(Source data)
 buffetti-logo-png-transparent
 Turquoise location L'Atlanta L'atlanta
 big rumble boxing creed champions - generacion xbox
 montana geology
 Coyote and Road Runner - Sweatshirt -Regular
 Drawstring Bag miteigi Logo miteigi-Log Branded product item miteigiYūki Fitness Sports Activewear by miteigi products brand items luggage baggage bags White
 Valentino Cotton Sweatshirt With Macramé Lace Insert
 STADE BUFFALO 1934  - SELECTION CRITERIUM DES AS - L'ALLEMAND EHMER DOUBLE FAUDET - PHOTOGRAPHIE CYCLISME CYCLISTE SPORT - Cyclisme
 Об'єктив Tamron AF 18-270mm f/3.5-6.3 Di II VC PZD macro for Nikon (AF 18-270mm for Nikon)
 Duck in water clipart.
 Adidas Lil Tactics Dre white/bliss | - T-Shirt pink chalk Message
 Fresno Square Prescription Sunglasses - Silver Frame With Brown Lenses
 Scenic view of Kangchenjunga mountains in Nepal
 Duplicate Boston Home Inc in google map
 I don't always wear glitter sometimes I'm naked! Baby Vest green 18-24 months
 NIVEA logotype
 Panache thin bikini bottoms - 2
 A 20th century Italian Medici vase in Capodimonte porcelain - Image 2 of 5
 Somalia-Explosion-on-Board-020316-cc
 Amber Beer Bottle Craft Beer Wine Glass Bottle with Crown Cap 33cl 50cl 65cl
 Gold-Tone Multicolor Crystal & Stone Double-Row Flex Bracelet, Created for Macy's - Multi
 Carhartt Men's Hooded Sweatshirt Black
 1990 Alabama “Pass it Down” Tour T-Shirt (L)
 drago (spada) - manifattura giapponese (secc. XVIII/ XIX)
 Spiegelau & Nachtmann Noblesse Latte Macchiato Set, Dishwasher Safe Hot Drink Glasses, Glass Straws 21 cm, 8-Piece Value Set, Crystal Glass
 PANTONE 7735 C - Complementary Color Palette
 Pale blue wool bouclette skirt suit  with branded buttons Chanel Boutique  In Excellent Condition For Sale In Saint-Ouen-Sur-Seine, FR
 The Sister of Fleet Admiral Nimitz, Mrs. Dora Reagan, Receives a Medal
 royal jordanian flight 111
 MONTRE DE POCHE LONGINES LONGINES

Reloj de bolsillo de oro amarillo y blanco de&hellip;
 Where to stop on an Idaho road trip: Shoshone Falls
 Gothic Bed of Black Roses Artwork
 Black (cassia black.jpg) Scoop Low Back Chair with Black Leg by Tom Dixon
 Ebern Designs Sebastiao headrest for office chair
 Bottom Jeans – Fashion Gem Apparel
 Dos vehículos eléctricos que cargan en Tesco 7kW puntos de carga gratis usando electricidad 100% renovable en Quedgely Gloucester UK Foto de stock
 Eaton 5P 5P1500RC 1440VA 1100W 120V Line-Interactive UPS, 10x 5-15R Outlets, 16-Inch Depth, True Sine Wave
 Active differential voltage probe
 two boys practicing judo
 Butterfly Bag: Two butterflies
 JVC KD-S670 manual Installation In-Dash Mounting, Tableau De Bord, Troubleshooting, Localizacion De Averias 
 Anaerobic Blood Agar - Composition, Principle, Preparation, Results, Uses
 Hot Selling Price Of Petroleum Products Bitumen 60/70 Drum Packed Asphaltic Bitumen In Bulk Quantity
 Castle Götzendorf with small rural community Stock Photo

- What you need to do
The lines of the data, from the first through the one containing "STADE BUFFALO 1934", are to be transcribed exactly.

- Result of the exercise
 buffetti-logo-png-transparent
 Turquoise location L'Atlanta L'atlanta
 big rumble boxing creed champions - generacion xbox
 montana geology
 Coyote and Road Runner - Sweatshirt -Regular
 Drawstring Bag miteigi Logo miteigi-Log Branded product item miteigiYūki Fitness Sports Activewear by miteigi products brand items luggage baggage bags White
 Valentino Cotton Sweatshirt With Macramé Lace Insert
 STADE BUFFALO 1934  - SELECTION CRITERIUM DES AS - L'ALLEMAND EHMER DOUBLE FAUDET - PHOTOGRAPHIE CYCLISME CYCLISTE SPORT - Cyclisme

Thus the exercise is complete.